Solution Approach 2:
The patent transitions from sequential von Neumann processing to parallel neuromorphic processing in the temporal dimension. Multiple gas sensors can be integrated into neuron modules, and spike-based parallel processing allows simultaneous analysis of multiple gas components, achieving high identification accuracy while reducing hardware footprint through efficient use of the temporal dimension for data processing.
3Ease of operation
If conversion circuits are used for signal transmission from sensor to processor, then signal processing is enabled, but power consumption increases
Solution Approach 1:
The patent replaces conventional analog-to-digital conversion circuits with a neuromorphic spike encoding mechanism. The resistive gas sensor directly generates spike signals in response to gas exposure, and these spike signals are processed by neuron circuits using event-driven temporal coding. This substitution eliminates the need for power-consuming conversion circuits while enabling effective signal processing through biologically-inspired spike-based communication.
Solution Approach 2:
The gas sensor itself performs the function of signal generation and encoding by producing spike signals directly in response to gas molecules. The neuron circuit processes these self-generated spike signals without requiring external conversion circuits, allowing the system to serve itself and eliminate redundant components that would consume additional power.

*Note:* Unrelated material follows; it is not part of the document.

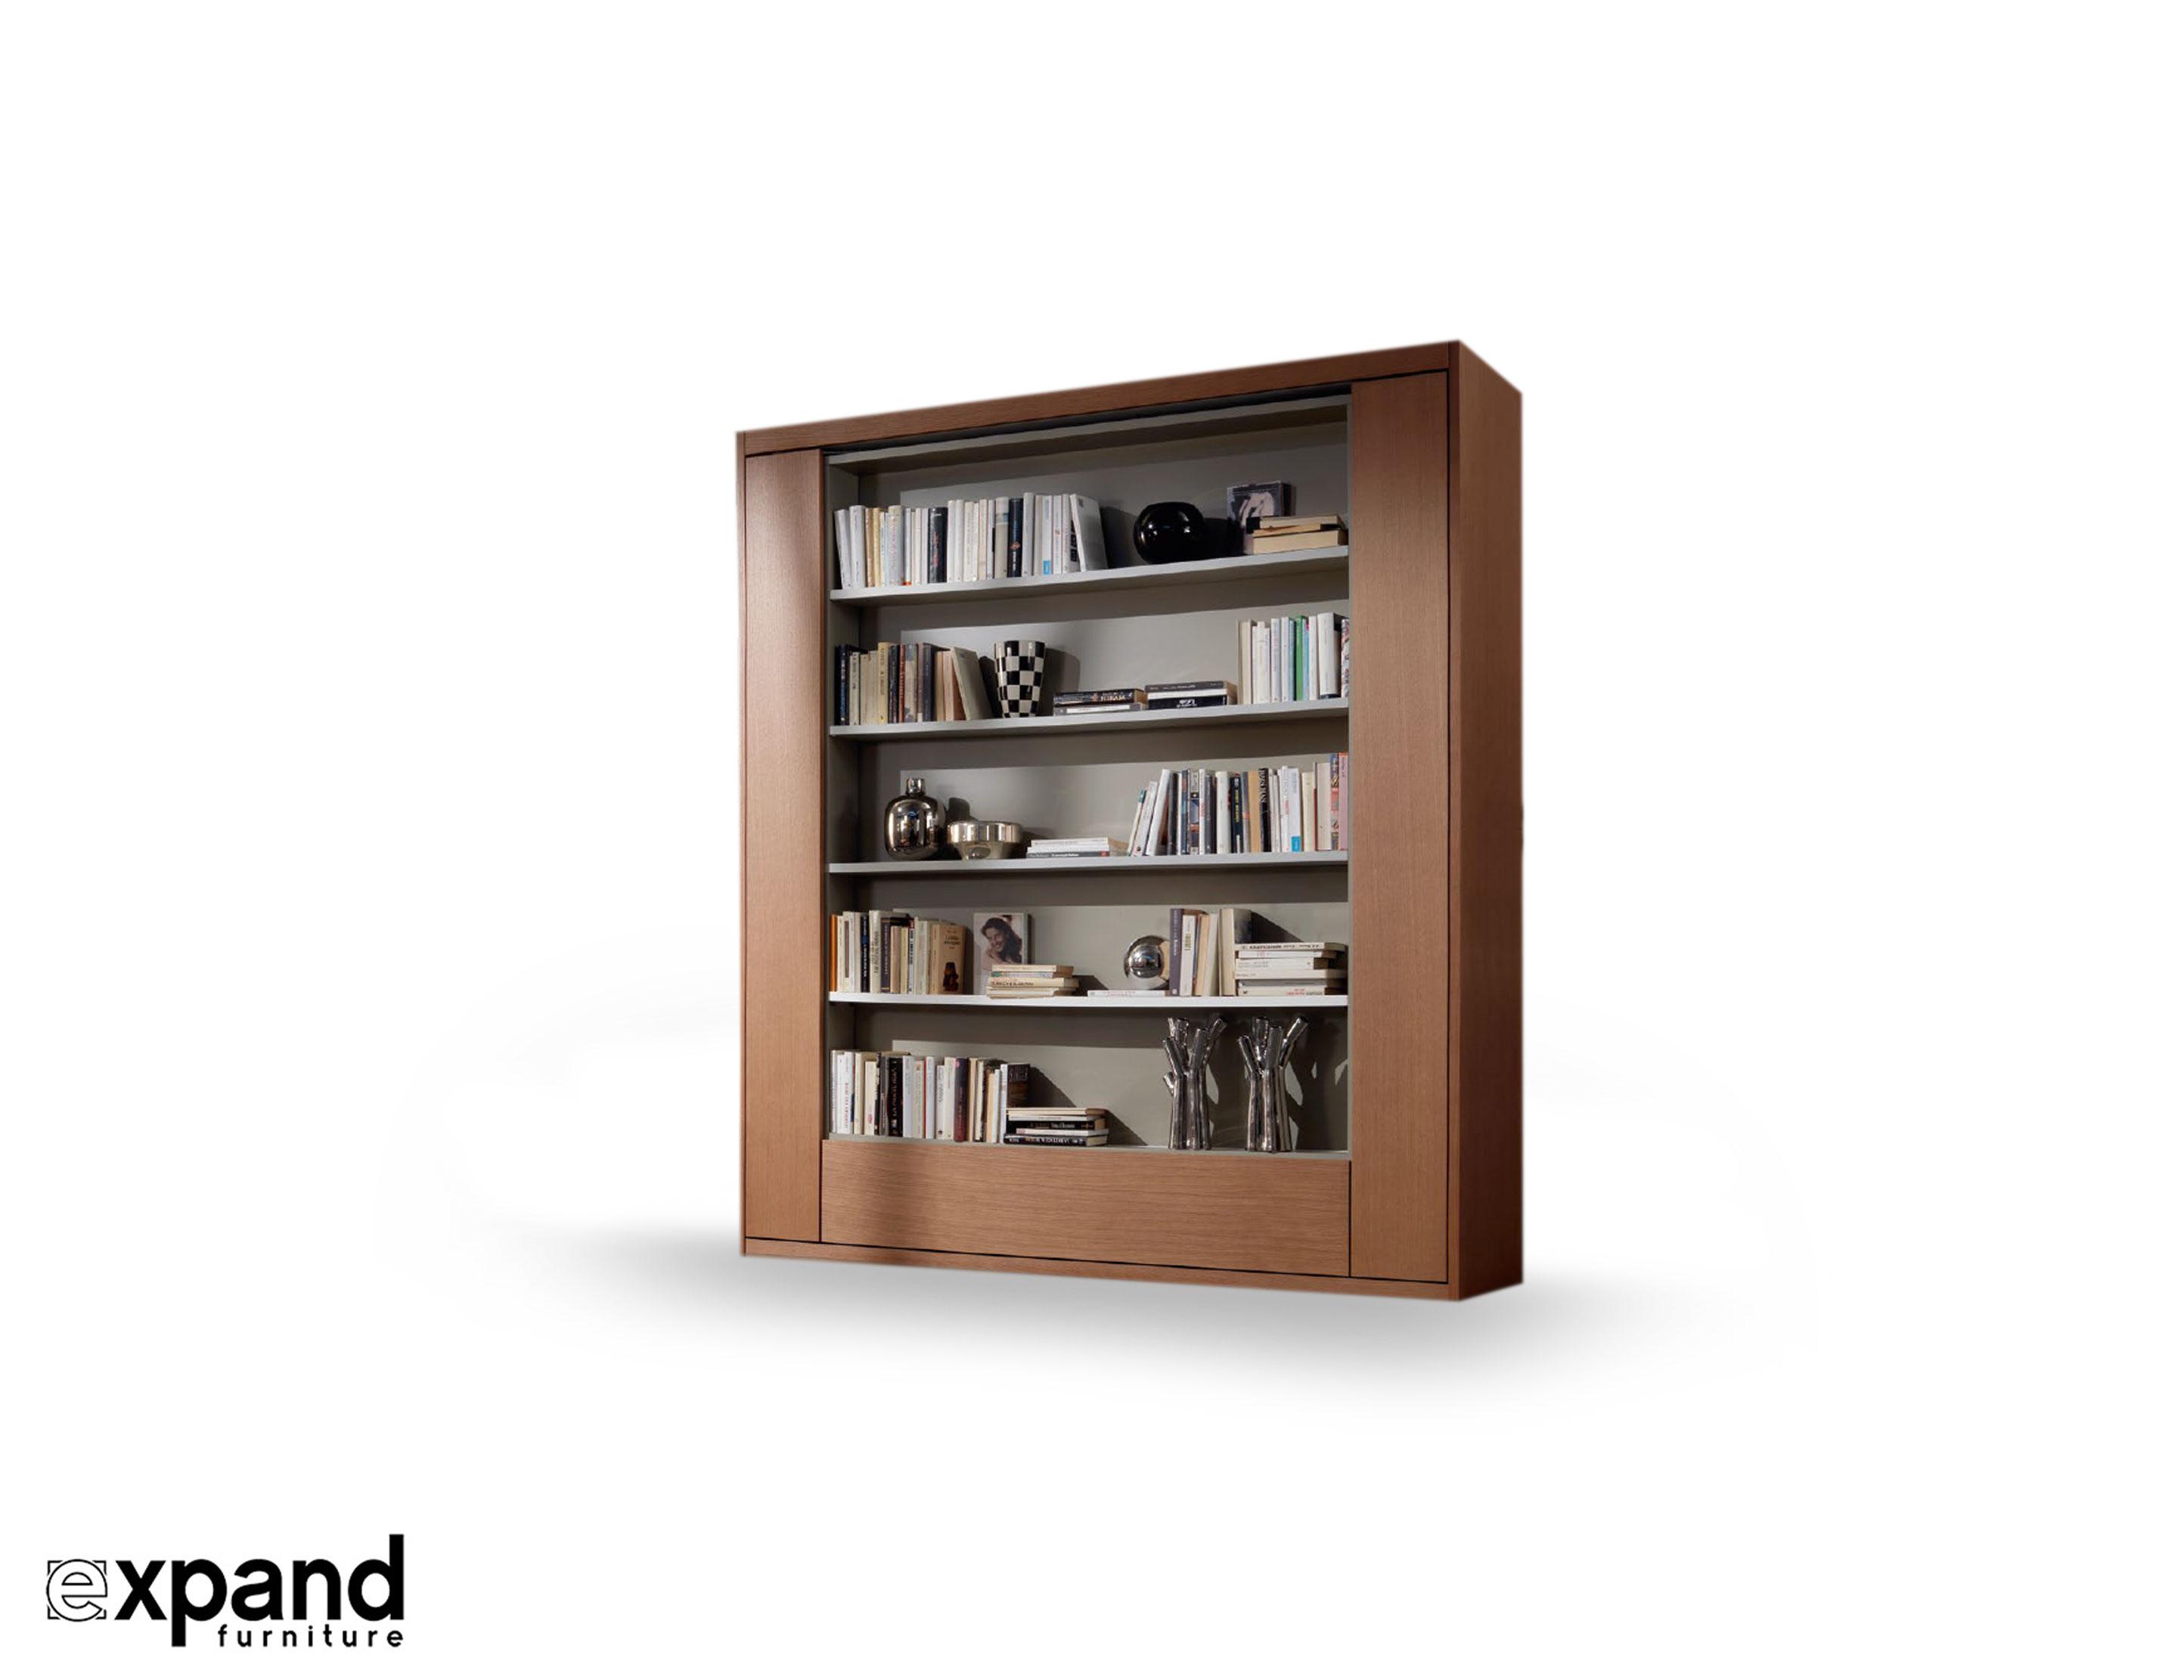 round bookcase market world trinahd me bookshelves rotating

Applied Scientific Principles
This section explains which scientific principles are used to turn an abstract innovation direction into a practical engineering solution.
Function Achieved in This Case
This solution allows for a high-integration, low-power neuromorphic electronic nose, enhancing gas identification efficiency and reducing hardware and energy consumption, making it suitable for portable gas monitoring devices in IoT applications.
Implementation Method 1
a resistive gas sensor for sensing gaseous molecules and converting the sensed gaseous molecules into an electrical signal
Implementation Method 2
a single transistor neuron composed of a source, a drain, and a gate... enabling spike-based parallel operation
Data Source
AI summary
The present disclosure relates to a gas-responsive neuron module including a resistive gas sensor for sensing gaseous molecules and converting the sensed gaseous molecules into an electrical signal, and a single transistor neuron composed of a source, a drain, and a gate, and a gas sensing system for sensing gas including the same, for implementing a high-integration and low-power neuromorphic electronic nose.